Exercise: Would you output all the lines below precisely as they stand, leaving each picture out?

Provided data:
————————

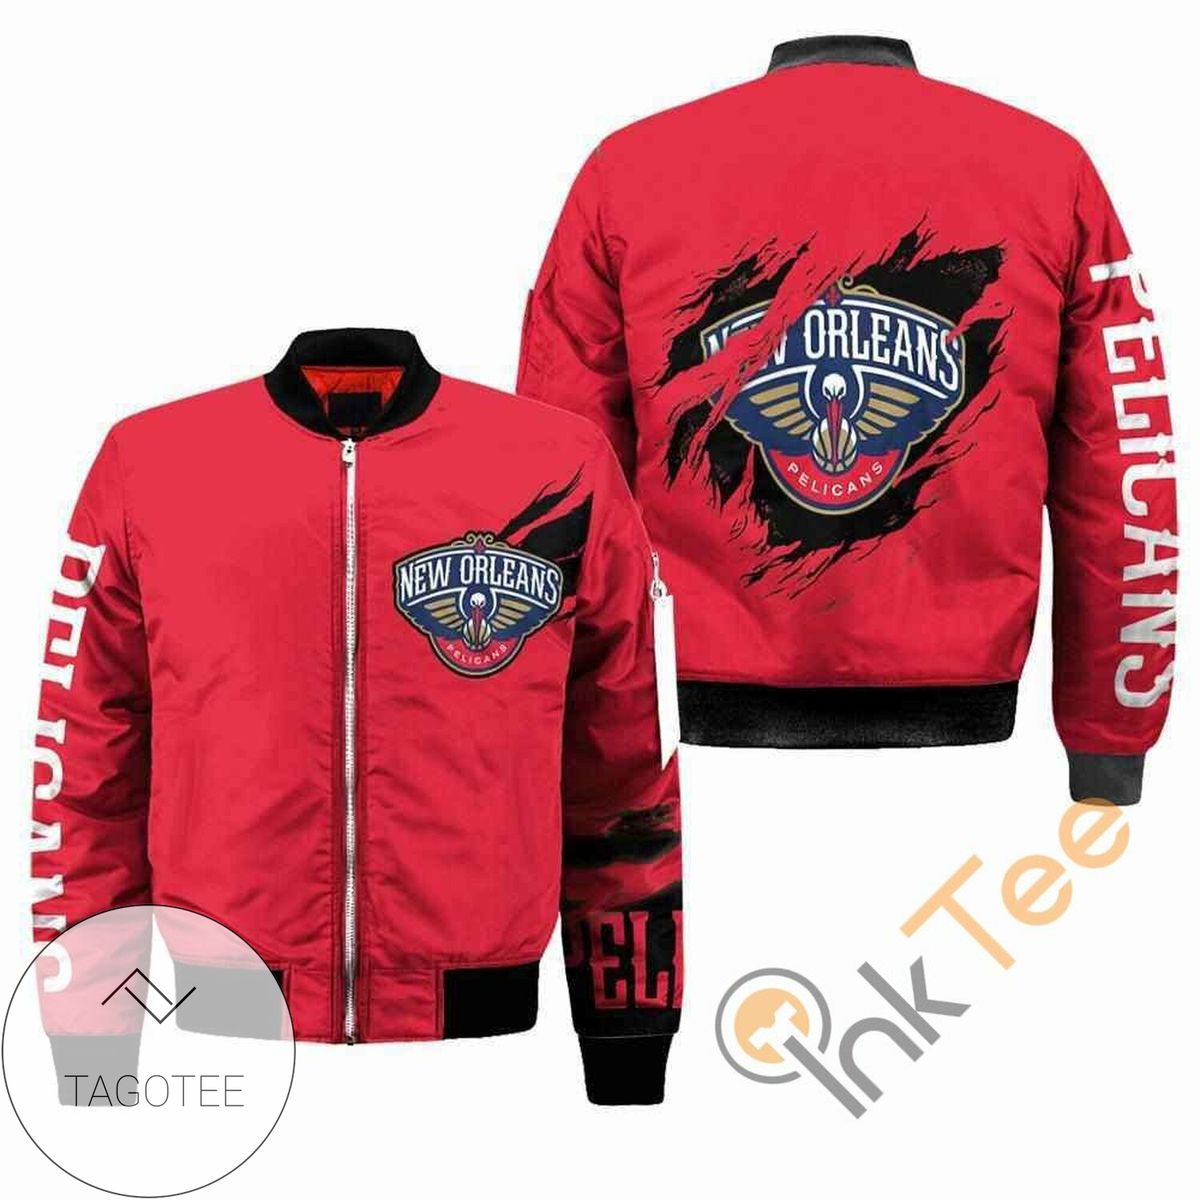 New Orleans Pelicans NBA Apparel Best Christmas Gift For Fans Bomber Jacket
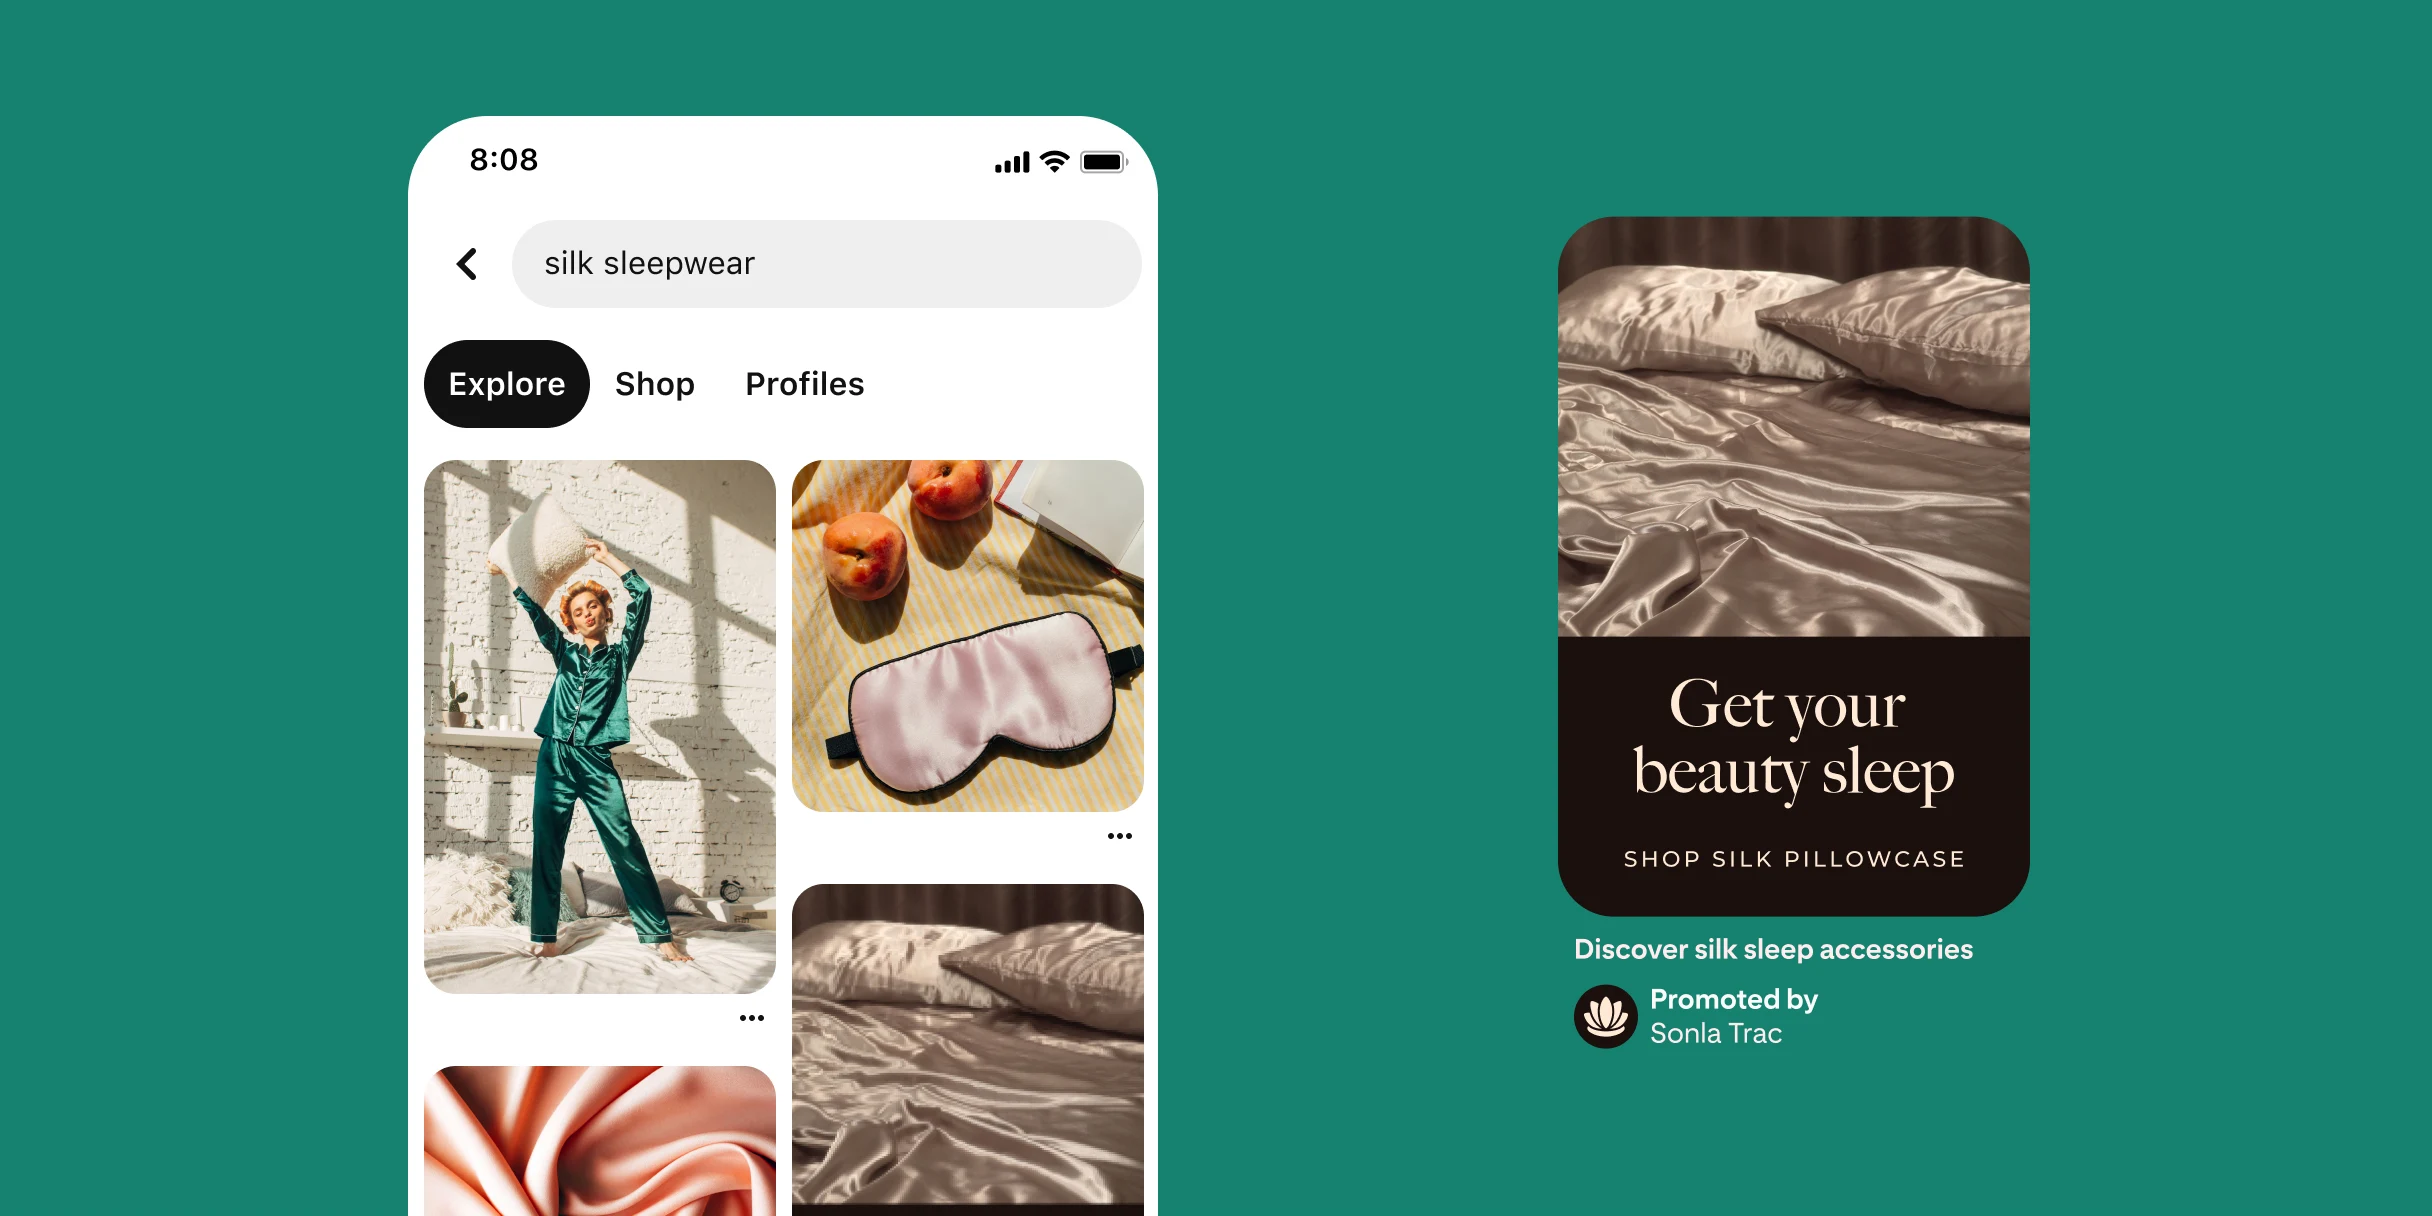 Pinterest search results for silk sleepwear. A white woman in green silk pyjamas, a white brick wall in the background. A pink sleep mask on a yellow striped mat with two peaches. A swirl of pink silk. A Pin of golden silk sheets and pillowcases on a bed. The text reads, ‘Get your beauty sleep – Shop silk pillowcase’. The description reads, ‘Discover silk sleep accessories’.
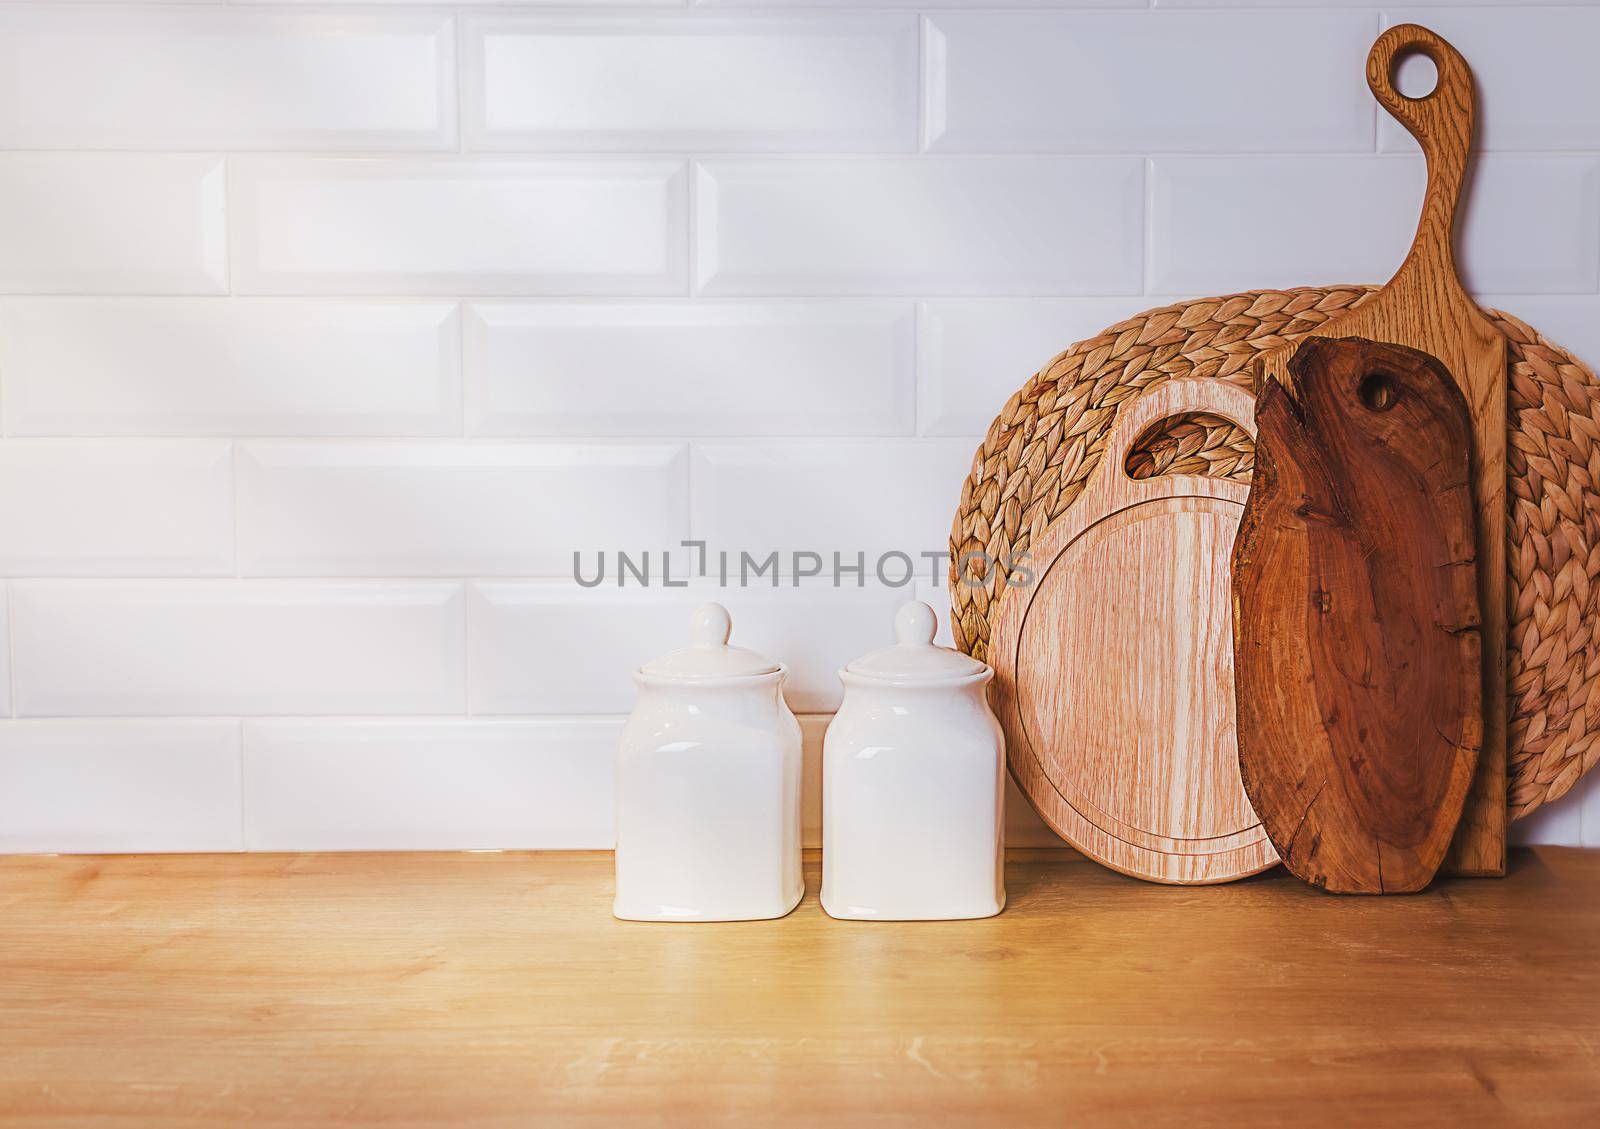 kitchen template, mockup. Vintage image of kitchen with white wall and wooden boards by Ramanouskaya

————————

Answer for the task:
 New Orleans Pelicans NBA Apparel Best Christmas Gift For Fans Bomber Jacket
 Pinterest search results for silk sleepwear. A white woman in green silk pyjamas, a white brick wall in the background. A pink sleep mask on a yellow striped mat with two peaches. A swirl of pink silk. A Pin of golden silk sheets and pillowcases on a bed. The text reads, ‘Get your beauty sleep – Shop silk pillowcase’. The description reads, ‘Discover silk sleep accessories’.
 kitchen template, mockup. Vintage image of kitchen with white wall and wooden boards by Ramanouskaya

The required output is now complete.